The structures and magnetic properties of Ti-substituted Pr2(Fe,Co)14(C,B)-type nanocomposites

Abstract

The phase evolution, microstructure, and magnetic properties of ${\mathrm{Pr}}_x{\mathrm{Fe}}_{80-x}{\mathrm{Ti}}_2{\mathrm{Co}}_{10}{\mathrm{B}}_4{\mathrm{C}}_4$ $(x=9,10.5)$ melt-spun ribbons were studied. All these ribbons consist mainly of three phases, namely, 2:14:1, $\alpha \text{-}(\mathrm{Fe},\mathrm{Co})$ , and 2:17 phases. The ${}_{i}H_c$ significantly increases and $B_r$ slightly decreases with increasing Pr content. It was found that increasing Pr content from $9\text{to}10.5\mathrm{at.}\%$ leads to marked grain refinement in the ribbons. Increasing Pr content also helps suppress the formation of metastable 2:17 phase and the grain growth of the $\alpha \text{-}(\mathrm{Fe},\mathrm{Co})$ phase during the annealing treatment, thus avoiding the formation of extensive soft magnetic regions.
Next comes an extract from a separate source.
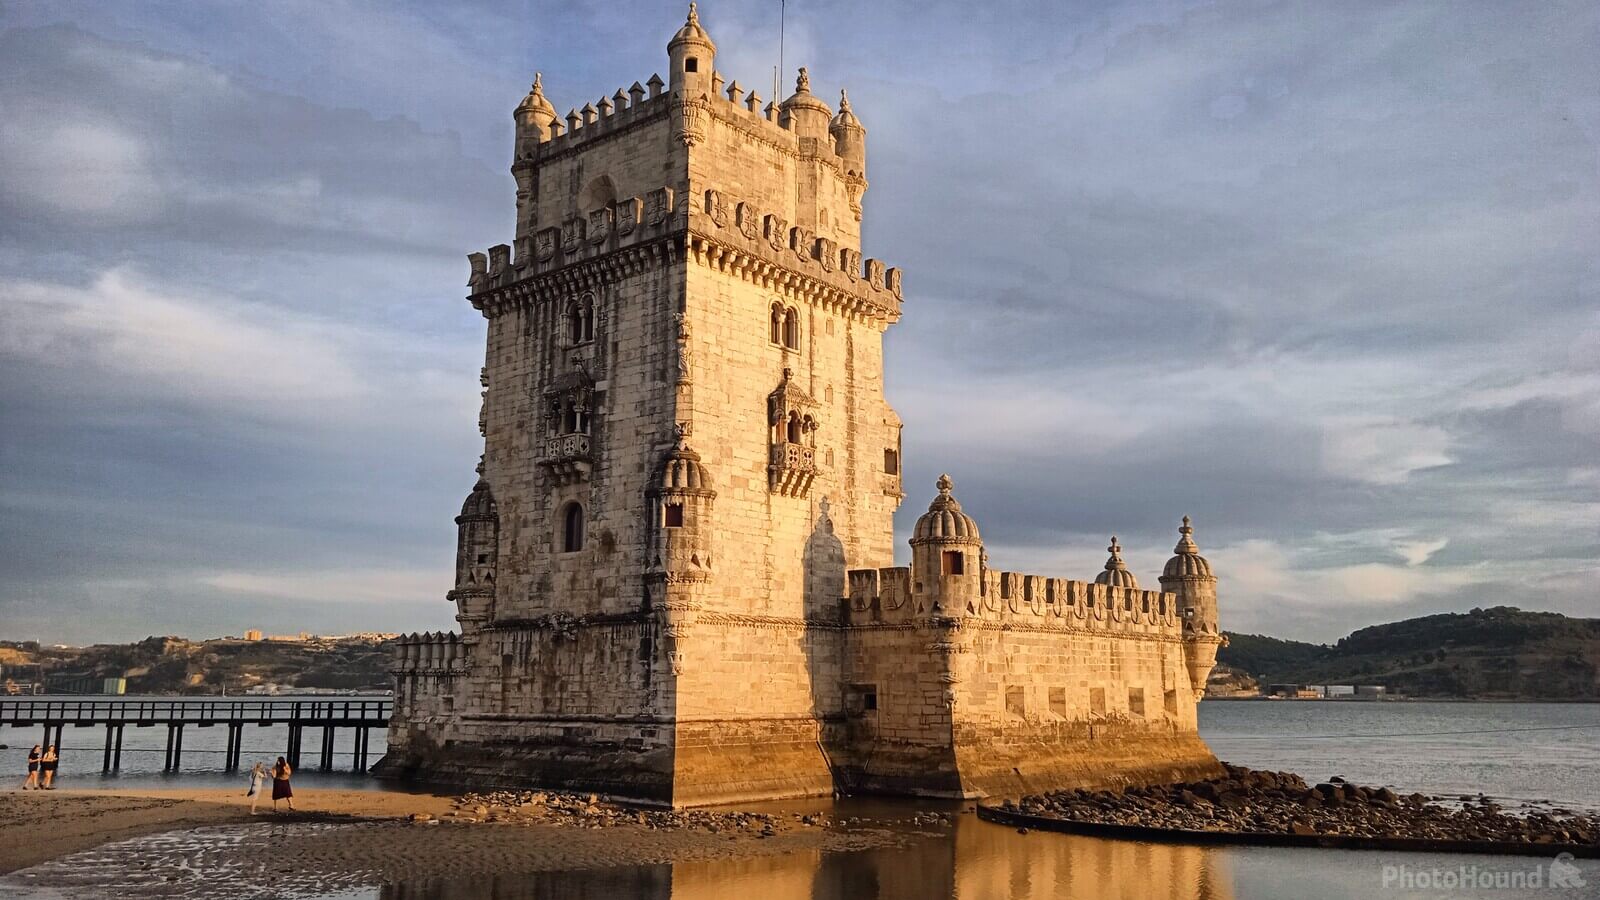 Image of Belem Tower by David Lally

The refined and uniform structure tends to enhance the exchange-coupling interaction between magnetic grains, which results in a significant improvement of the demagnetization-curve shape and magnetic properties accordingly. High coercivity ${}_{i}H_c$ of $10.2\mathrm{kOe}$ , remanence $B_r$ of $9.6\mathrm{kG}$ , and maximum energy product ${\left(BH\right)}_{\max }$ of $17.4\mathrm{MG}\mathrm{Oe}$ have been achieved in ${\mathrm{Pr}}_{10.5}{\mathrm{Fe}}_{69.5}{\mathrm{Ti}}_2{\mathrm{Co}}_{10}{\mathrm{B}}_4{\mathrm{C}}_4$ ribbons after optimal annealing.